§ What the task asks
Find the line in the entries below that contains "Cauliflower Fried Rice". Repeat it exactly, and every line after it through the line that contains "kikki.K Stripe Canvas Pencil Case".

§ Input for this task
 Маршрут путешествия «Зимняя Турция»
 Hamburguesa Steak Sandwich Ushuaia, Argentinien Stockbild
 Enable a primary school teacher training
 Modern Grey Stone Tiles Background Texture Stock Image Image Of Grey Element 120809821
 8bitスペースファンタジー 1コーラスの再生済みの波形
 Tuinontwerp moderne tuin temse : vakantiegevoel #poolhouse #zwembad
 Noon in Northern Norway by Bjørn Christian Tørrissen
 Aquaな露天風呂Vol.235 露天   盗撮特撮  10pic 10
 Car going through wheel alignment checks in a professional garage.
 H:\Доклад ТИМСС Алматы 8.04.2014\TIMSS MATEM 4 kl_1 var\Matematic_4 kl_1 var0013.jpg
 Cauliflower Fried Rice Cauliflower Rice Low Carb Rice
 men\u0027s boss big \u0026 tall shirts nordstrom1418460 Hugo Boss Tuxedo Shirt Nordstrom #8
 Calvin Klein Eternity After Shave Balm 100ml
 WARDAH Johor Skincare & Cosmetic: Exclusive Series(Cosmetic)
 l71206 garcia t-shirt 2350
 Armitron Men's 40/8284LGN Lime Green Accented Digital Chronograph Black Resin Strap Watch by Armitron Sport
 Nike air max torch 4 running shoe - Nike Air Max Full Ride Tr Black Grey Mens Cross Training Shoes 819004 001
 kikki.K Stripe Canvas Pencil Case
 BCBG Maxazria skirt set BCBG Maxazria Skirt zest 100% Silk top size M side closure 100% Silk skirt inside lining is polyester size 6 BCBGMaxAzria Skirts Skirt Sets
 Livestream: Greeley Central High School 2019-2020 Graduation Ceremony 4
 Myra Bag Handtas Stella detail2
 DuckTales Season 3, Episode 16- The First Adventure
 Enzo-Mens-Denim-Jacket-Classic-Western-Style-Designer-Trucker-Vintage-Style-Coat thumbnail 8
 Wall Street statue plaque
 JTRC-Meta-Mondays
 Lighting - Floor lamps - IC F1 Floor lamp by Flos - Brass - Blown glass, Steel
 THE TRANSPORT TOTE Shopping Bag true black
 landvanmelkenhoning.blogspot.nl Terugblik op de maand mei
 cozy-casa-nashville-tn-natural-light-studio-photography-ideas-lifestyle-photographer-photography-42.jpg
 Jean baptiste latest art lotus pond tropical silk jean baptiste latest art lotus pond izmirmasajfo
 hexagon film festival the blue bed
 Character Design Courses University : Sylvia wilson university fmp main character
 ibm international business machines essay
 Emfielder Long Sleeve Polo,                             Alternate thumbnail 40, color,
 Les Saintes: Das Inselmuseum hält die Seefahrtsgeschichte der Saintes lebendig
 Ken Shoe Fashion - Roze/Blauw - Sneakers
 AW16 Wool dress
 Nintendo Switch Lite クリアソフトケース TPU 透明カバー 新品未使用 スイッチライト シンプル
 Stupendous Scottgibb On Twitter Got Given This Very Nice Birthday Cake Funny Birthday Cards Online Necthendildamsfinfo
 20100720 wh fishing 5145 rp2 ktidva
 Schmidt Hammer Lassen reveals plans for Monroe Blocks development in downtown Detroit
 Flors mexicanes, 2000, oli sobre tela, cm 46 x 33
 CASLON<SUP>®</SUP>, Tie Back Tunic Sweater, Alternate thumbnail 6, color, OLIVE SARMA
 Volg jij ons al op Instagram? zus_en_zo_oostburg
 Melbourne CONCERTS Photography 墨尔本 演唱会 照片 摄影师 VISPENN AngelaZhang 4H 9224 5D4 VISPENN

§ Answer for the task
 Cauliflower Fried Rice Cauliflower Rice Low Carb Rice
 men\u0027s boss big \u0026 tall shirts nordstrom1418460 Hugo Boss Tuxedo Shirt Nordstrom #8
 Calvin Klein Eternity After Shave Balm 100ml
 WARDAH Johor Skincare & Cosmetic: Exclusive Series(Cosmetic)
 l71206 garcia t-shirt 2350
 Armitron Men's 40/8284LGN Lime Green Accented Digital Chronograph Black Resin Strap Watch by Armitron Sport
 Nike air max torch 4 running shoe - Nike Air Max Full Ride Tr Black Grey Mens Cross Training Shoes 819004 001
 kikki.K Stripe Canvas Pencil Case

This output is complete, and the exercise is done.